We were still half crying, half laughing when the doorbell rang.

Mom got to her feet. “I’ll get the food.” I heard her blowing her nose noisily through the condo.

I hefted the million-pound box of gardening books and lugged it over to the writing desk. I slid it onto the surface and accidentally sent a stack of paperwork flying.

“Crap,” I muttered. I knelt on the floor and began collecting papers, creating a sloppy pile of death certificate copies, greeting cards, and medical bills.

“Floor picnic or should we eat at the table like civilized people?” Mom called.

“Floor,” I yelled back, spotting one last paper that landed between the wall and the leg of the desk. I crawled over and retrieved it.

A name caught my eye as I transferred it to the top of the stack.

Frowning, I skimmed the document.

Lichtfield Laboratories.

Paid in full.

Lucian Rollins.

I felt an icy rush of shock sweep through me.

Mom stuck her head in the door. “Do you want more wine, a sparkling water, or should we switch to Bloody Marys since I forgot to order tomato soup?”

“What’s this?” I asked, holding up the statement.

She glanced at it, and I saw the flash of guilt followed by an involuntary softening. “That’s what I wasn’t supposed to tell you about.”

“What the hell is wrong with you?” I demanded, bursting into Lucian’s office waving the statement like I was leading a marching band.

Behind his desk, he looked at me with that cool, flat mask, but there was heat in his eyes. And bruises on his face. He looked like some heart-throbby heroic boxer who’d lost a title fight.

“Sorry, sir,” Petula huffed, screeching to a halt in the doorway behind me. “She’s faster than I thought.”

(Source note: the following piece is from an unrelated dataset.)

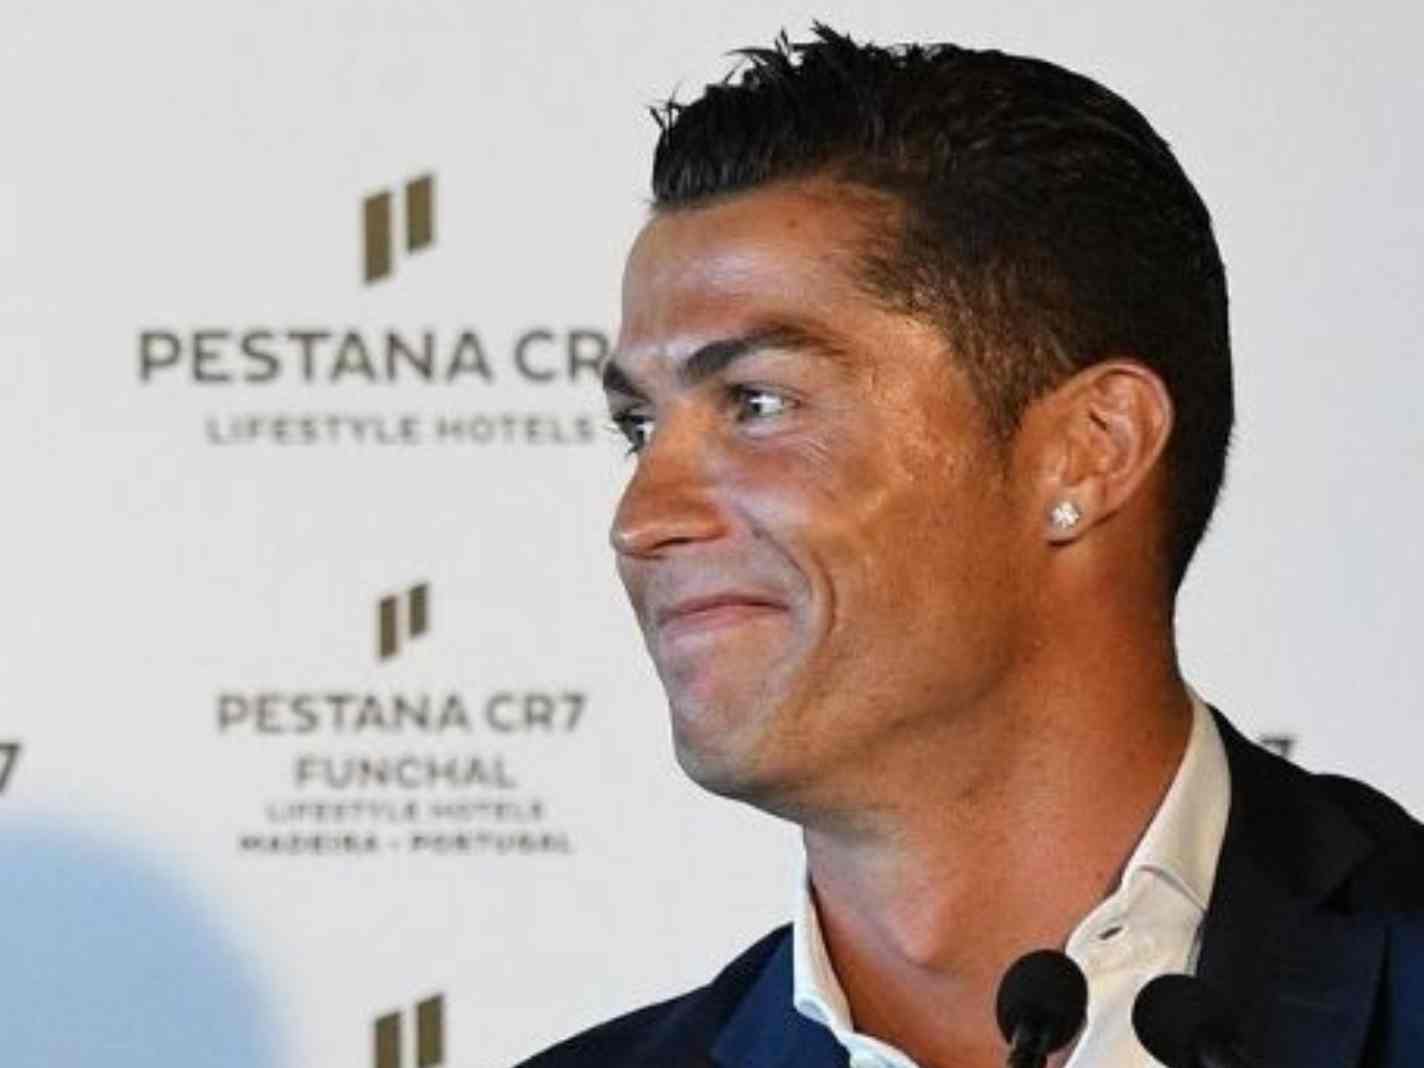 Is Cristiano Ronaldo More Than Just A Face Of The Pestana CR7 Hotel Chain?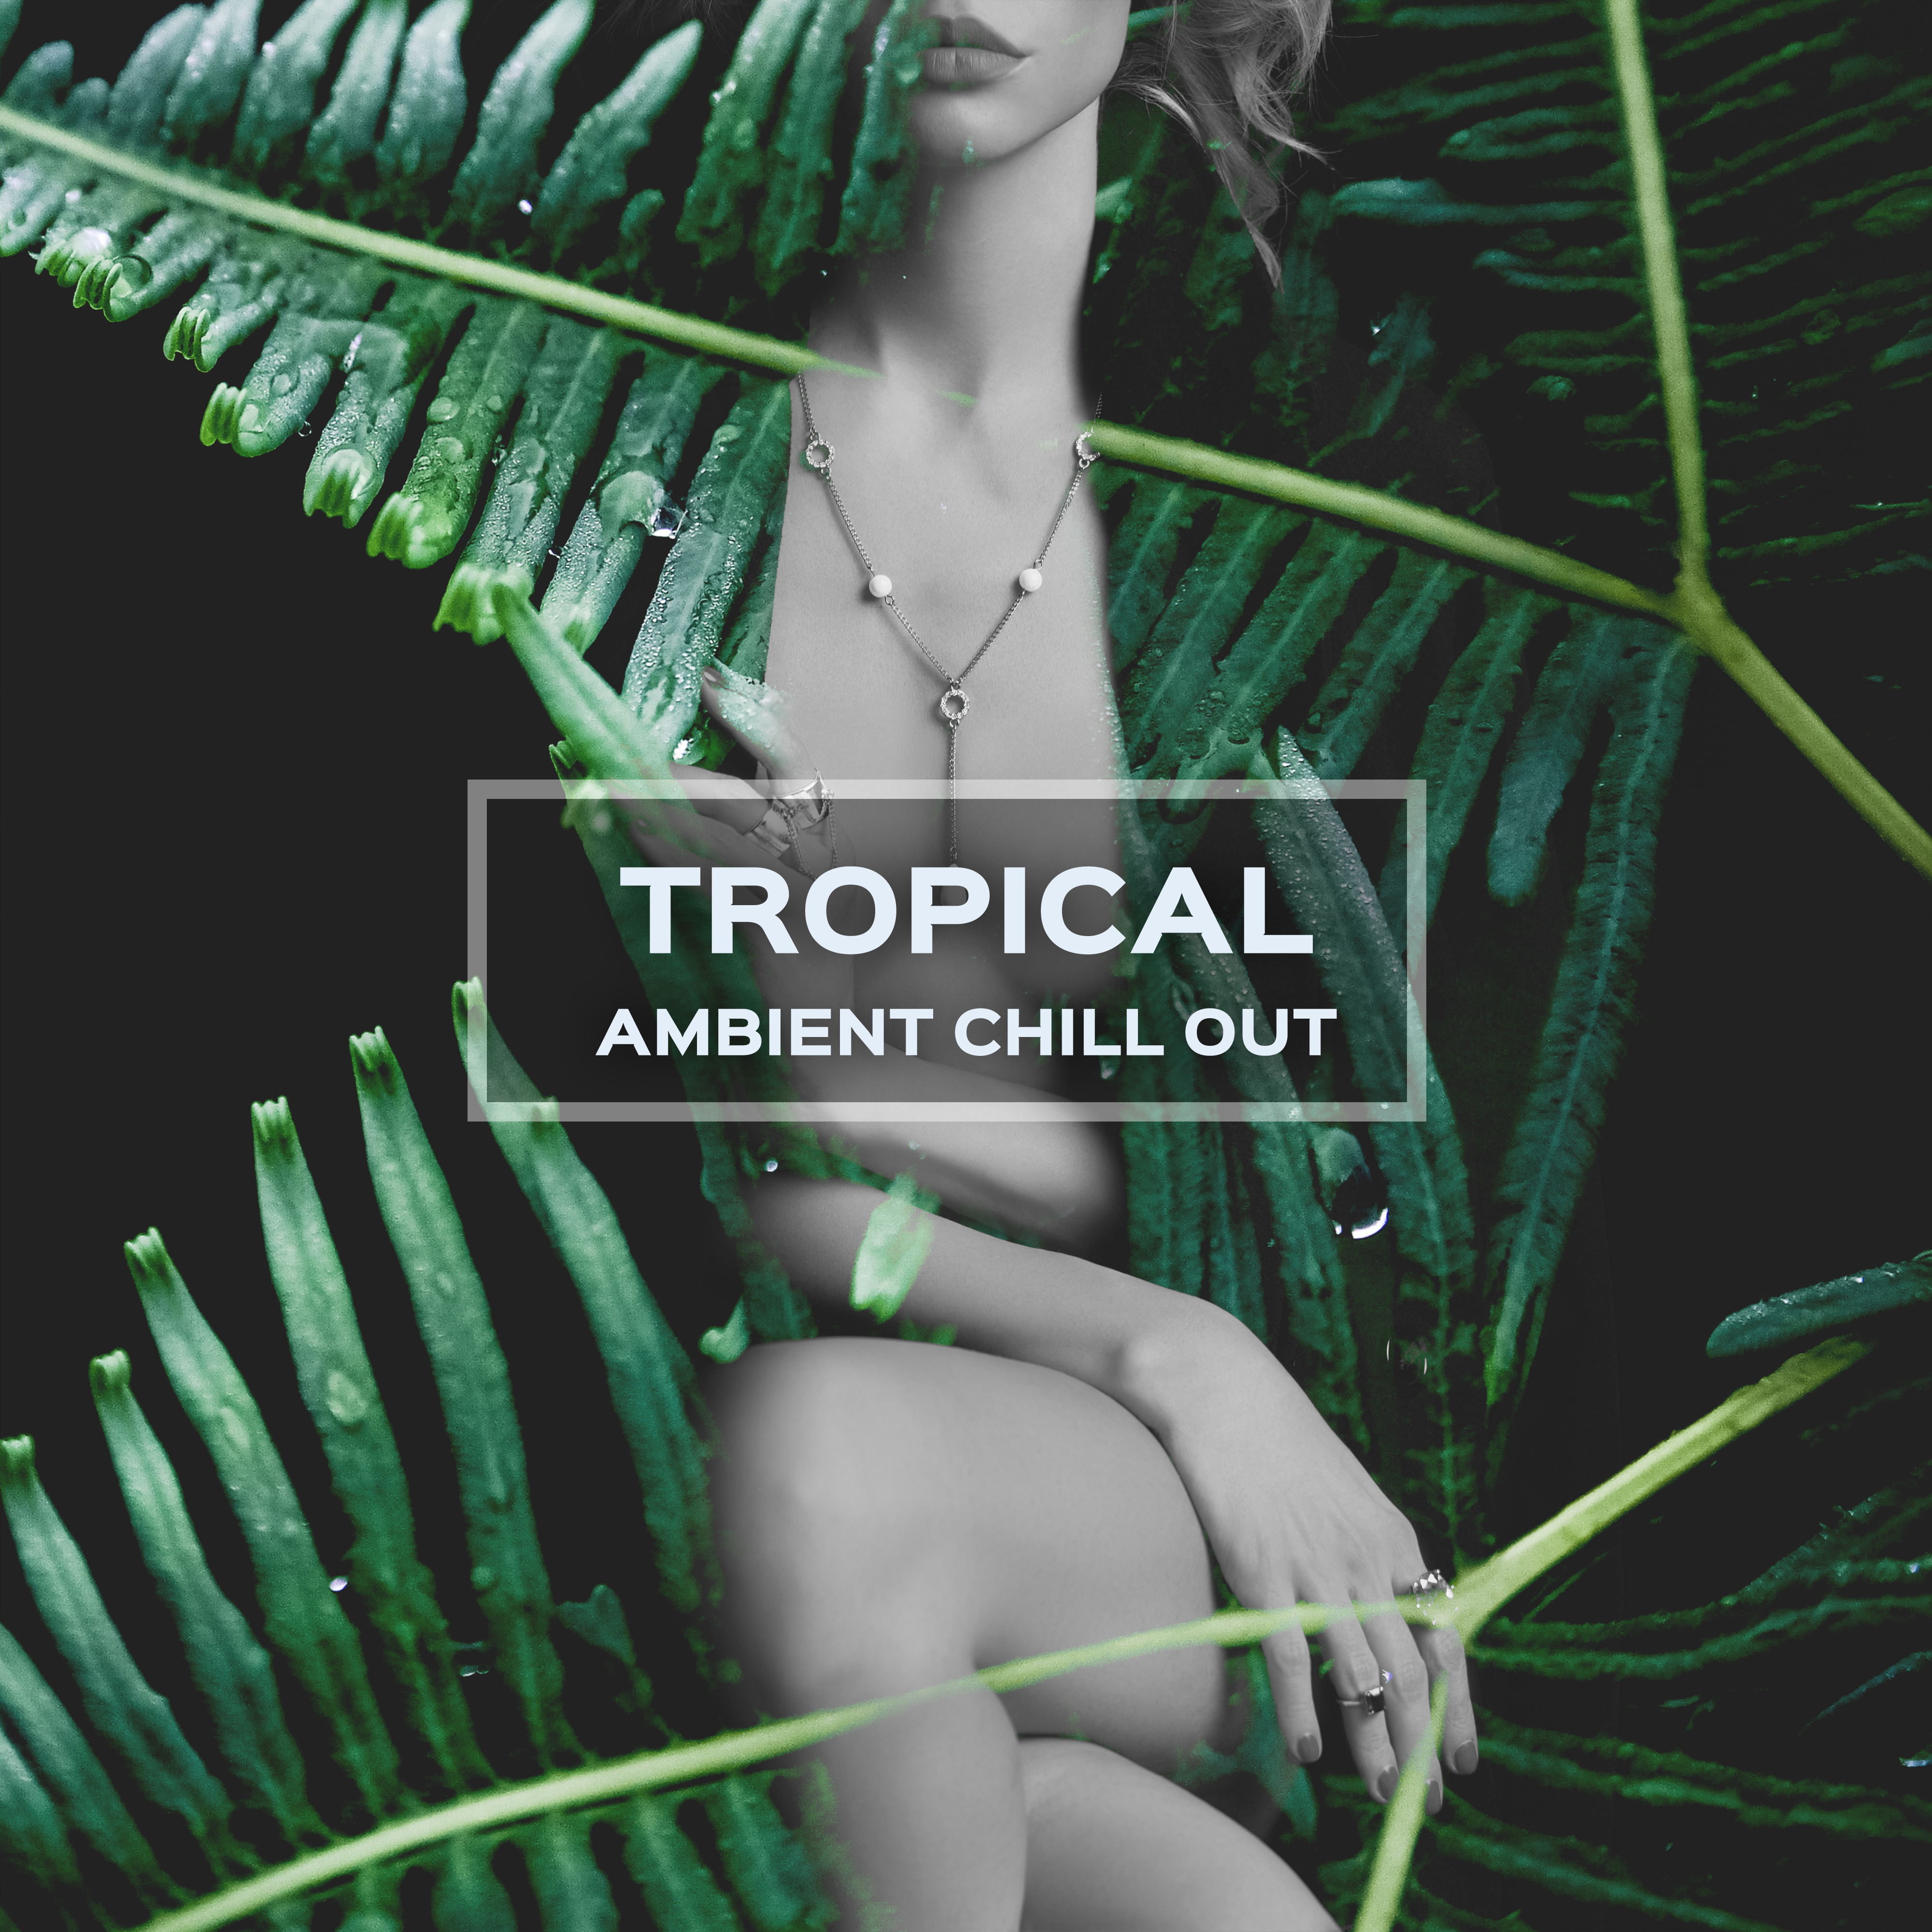 Tropical Ambient Chill Out

“It’s fine,” Lucian said, making it sound like it was anything but fine.

“Kick his ass,” Petula said to me under her breath and disappeared.

“You may go, Nallana,” Lucian told the woman in the chair across from him.

Her hands were tucked in the pocket of a Nine Inch Nails sweatshirt. She looked amused. “But I wanna stay and watch the show,” she said.

“Go away,” Lucian said, eyes still on me.

On a sigh, she hopped out of the chair, shot me a wink, and left.

I slapped the paper down on his desk. Then just to be a jerk, I dragged my fingertips across the spotless glass top. “Explain.”

“I owe you zero explanations. You need to leave.”

“Not until you explain this,” I said, drilling my finger into the paper.

He glanced down at it, then reached into his desk drawer and did something I didn’t expect. The son of a bitch put on a sexy pair of reading glasses.

It was like the universe was mocking me. The hot guy who rocked my world between the sheets and wore reading glasses was the one man I didn’t want.